Coleman et al., now performed a prospective phase II trial evaluating neoadjuvant gemcitabine and split-dose cisplatin for patients with high-risk UTUC. The study was performed at four US hospitals between 2010 and 2019. A total of 57 (cisplatin-eligible) patients were included. Primary inclusion criteria were high-risk patients (defined as histologically confirmed diagnosis of high-grade UTUC (93% of patients) and/or radiographically visible invasive disease (cT2-T4aN0M0 with positive selective urinary cytology (7% of patients). The primary outcome was: pathologic response; secondary outcomes were: a) treatment safety; b) cancer progression; c) survival.

In this study, patients received split-dose gemcitabine-cisplatin. The rationale for this split-dose scheme was provided by previous studies showing improved tolerability and toxicity profile (which was considered of particular importance given the renal involvement and/or hydronephrosis in UTUC). The vast majority (n=51, 89%) were able to receive at least three cycles. Most patients (95%) underwent RNU including an ipsilateral lymph node dissection, whereas 5% underwent only distal ureterectomy (because of only distal ureteral involvement).
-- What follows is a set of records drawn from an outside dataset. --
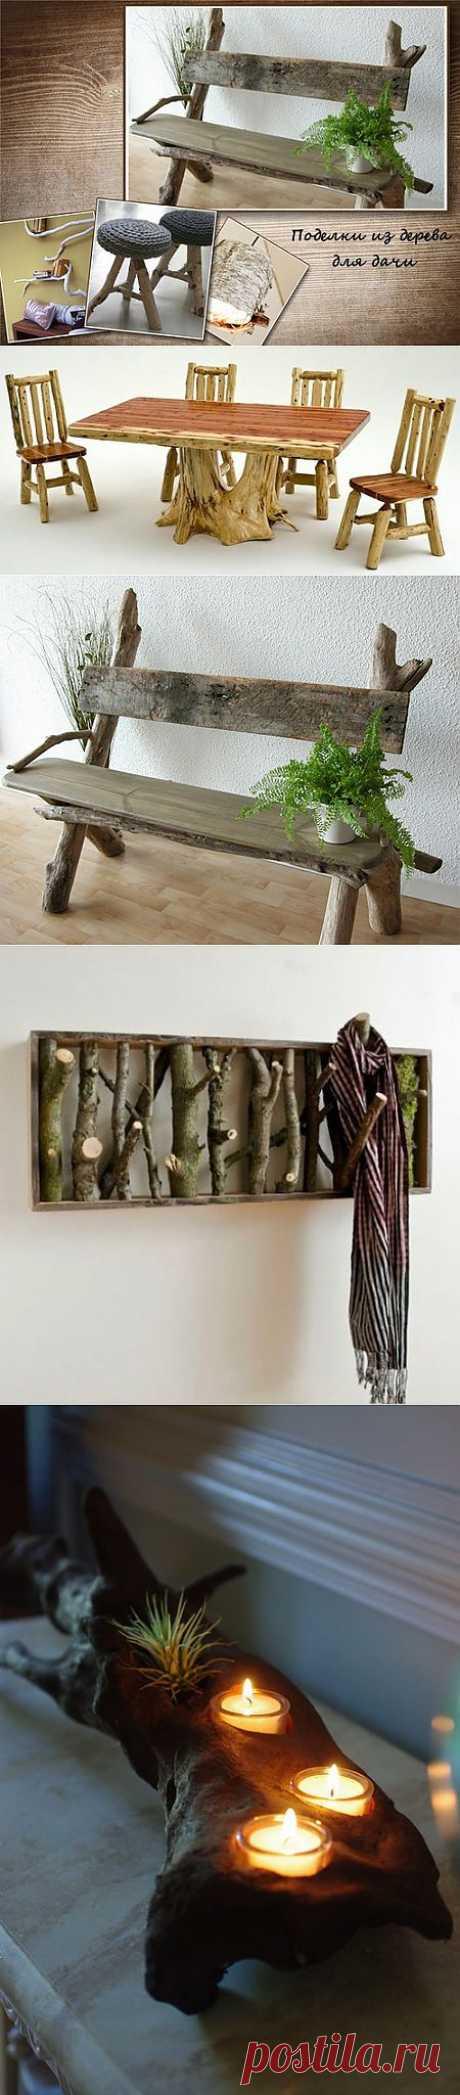 Поделки из дерева для дачи.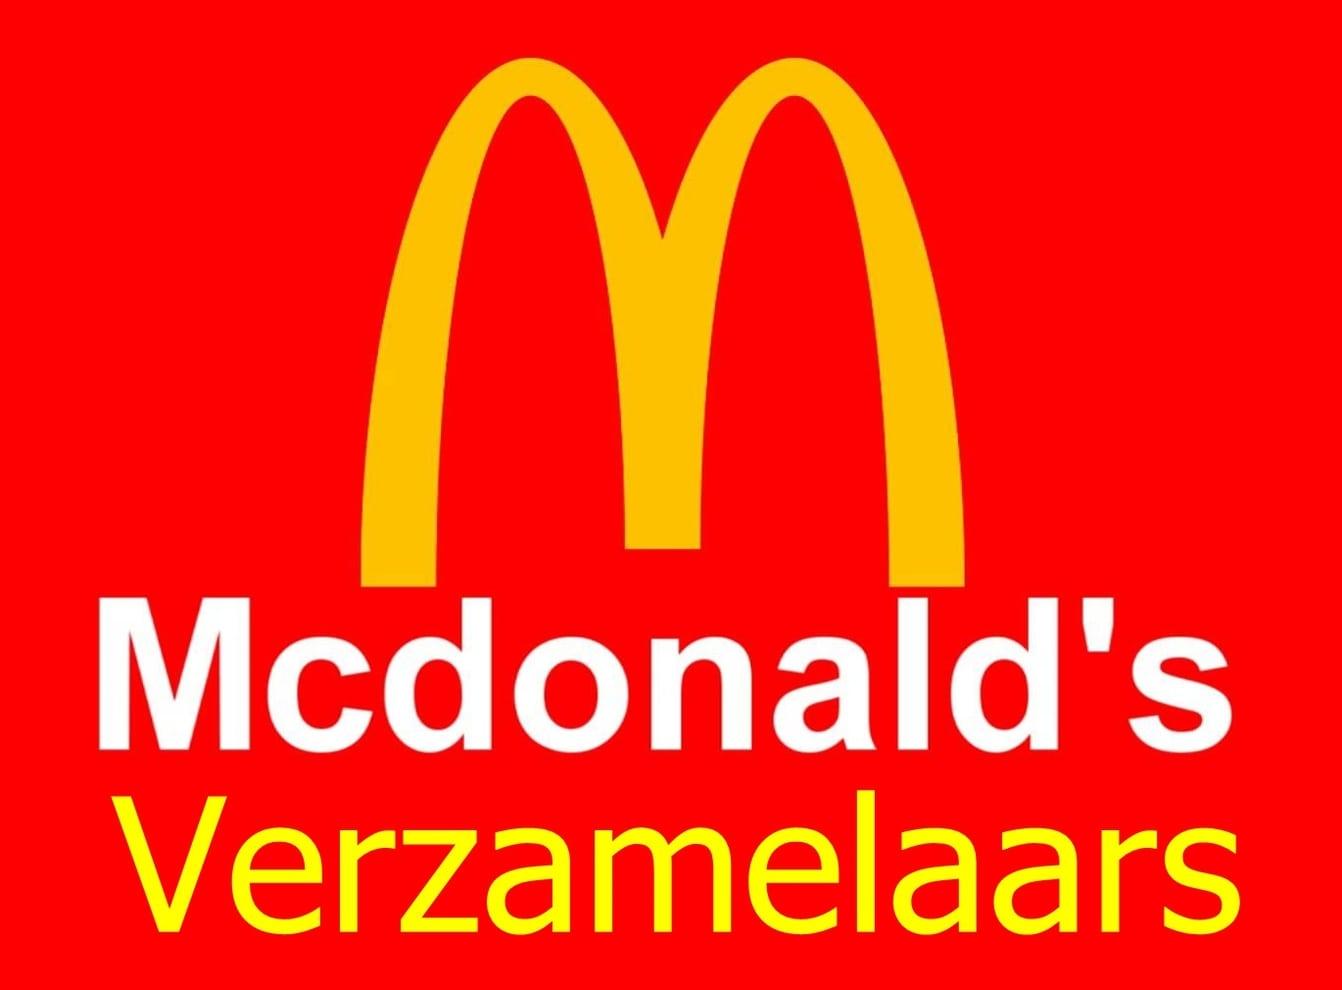 McDonalds Verzameling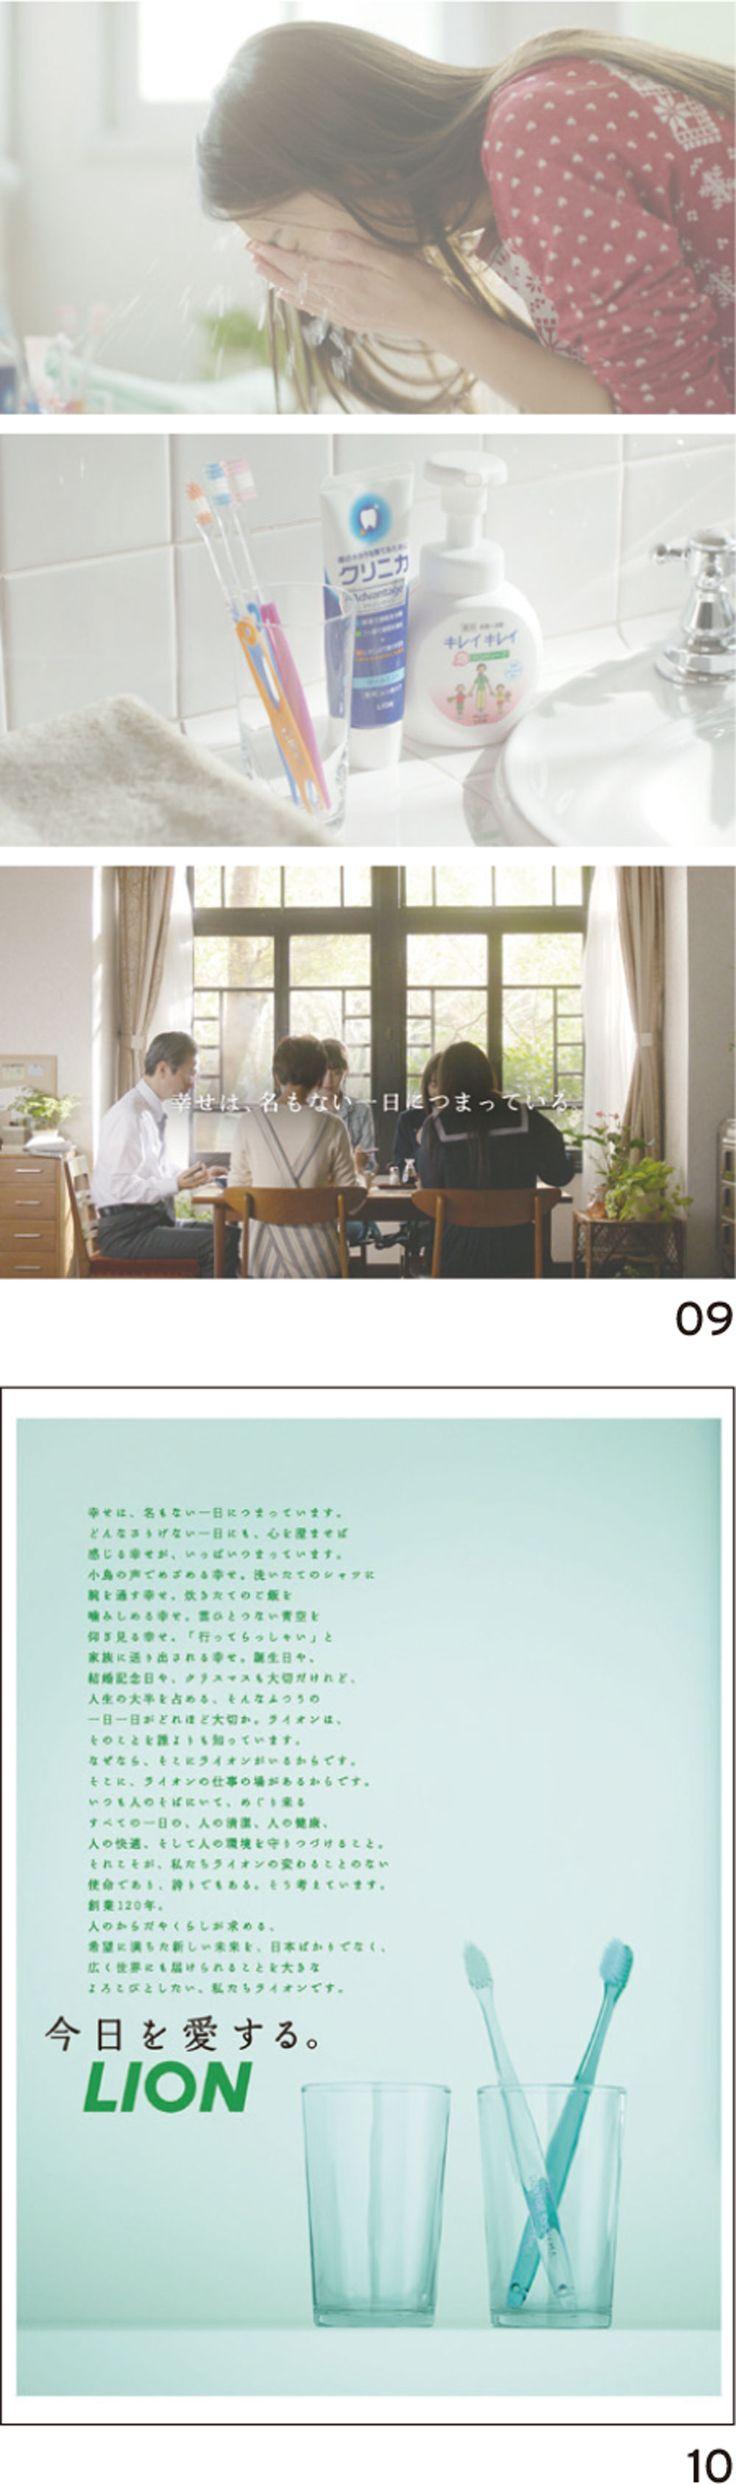 「今日を愛する。」 コピーライター 岩崎俊一 広告づくりのルール | ブレーン 2013年12月号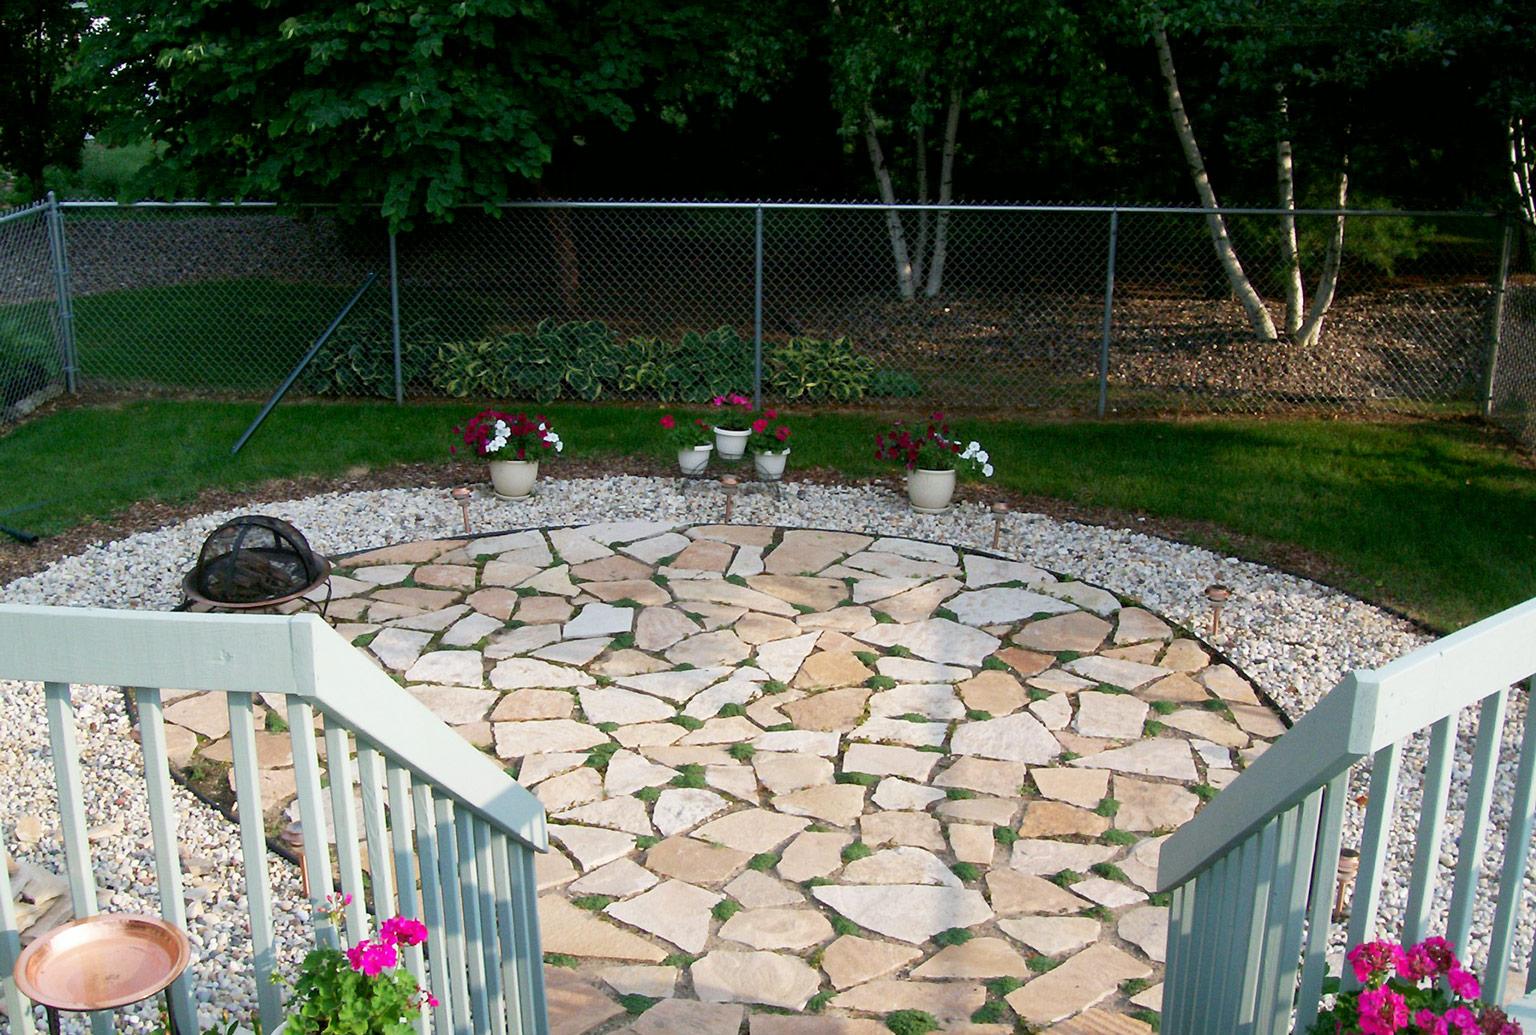 How to Build a Flagstone Patio | Blain's Farm & Fleet Blog on Flagstone Backyard Patio id=72837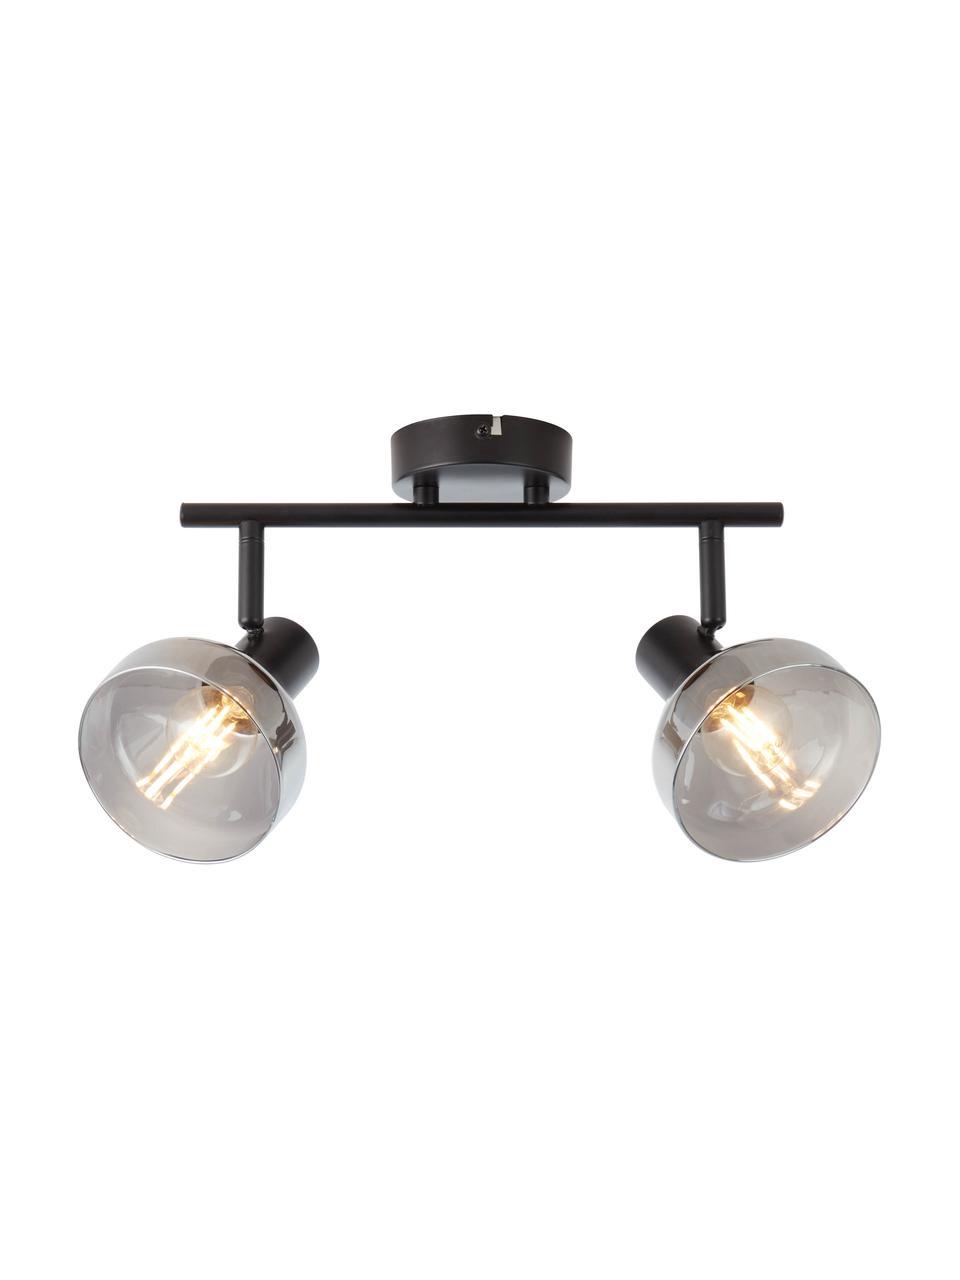 Lampa sufitowa ze szkła Reflekt, Czarny, szary, transparentny, S 43 x W 20 cm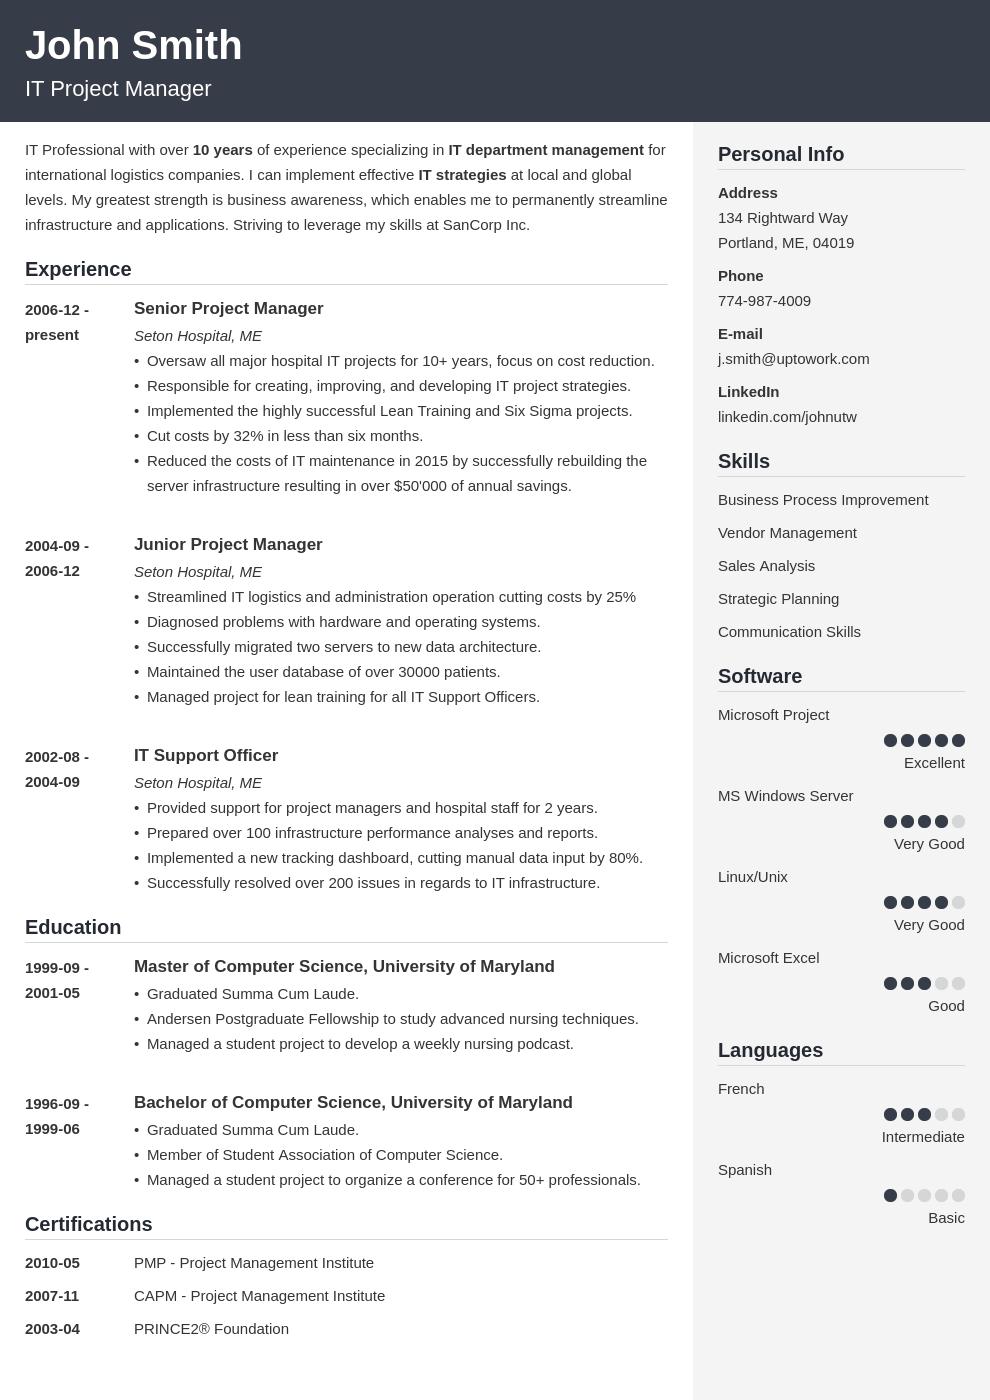 Modèle de CV professionnel Cubic

Regarding the primary endpoint, 63% achieved a pathologic response (<ypT2N0) and 19% had pathologic complete response (ypT0N0) – meeting the pre-specified criteria.

Regarding the secondary endpoints: Treatment-related toxicities were observed in 93% of patients, 58% required toxicity-related dose modifications, but early discontinuation occurred in only 14% and all patients were able to undergo surgery. Furthermore, at a median follow-up of 3.1 years among survivors, there were 19 progression events and 11 patients who died. Two-year progression-free survival was 89% and two-year overall survival was 93%.

Because this was not a randomised study, without a control arm, a direct comparison with an upfront RNU group could not be made in terms of survival. Instead, the authors compared the survival rates with historical series and refer to previous analyses indicating that pathologic response may be a surrogate for survival. Another limitation is the long accrual period. This is explained by the rarity of the disease and the higher proportion of cisplatin-ineligibility inherent to UTUC. Furthermore, disease prognosis of UTUC is predominantly driven by advanced stage and high-grade disease at presentation. In neoadjuvant studies for UTUC, this is a challenging issue because accurate preoperative staging is difficult. There are no standardised imaging criteria and biopsy from the upper tract is unable to reliably determine depth of invasion. This must be considered in the interpretation of the pathologic response rate.

Altogether, this prospective study by Coleman et al., adds to the scarce current literature on neoadjuvant chemotherapy in UTUC. They conclude that split-dose-based neoadjuvant chemotherapy is safe and effective in UTUC prior to surgery and that this regimen may ultimately contribute to the feasibility of neoadjuvant chemotherapy for a larger group of patients with this disease.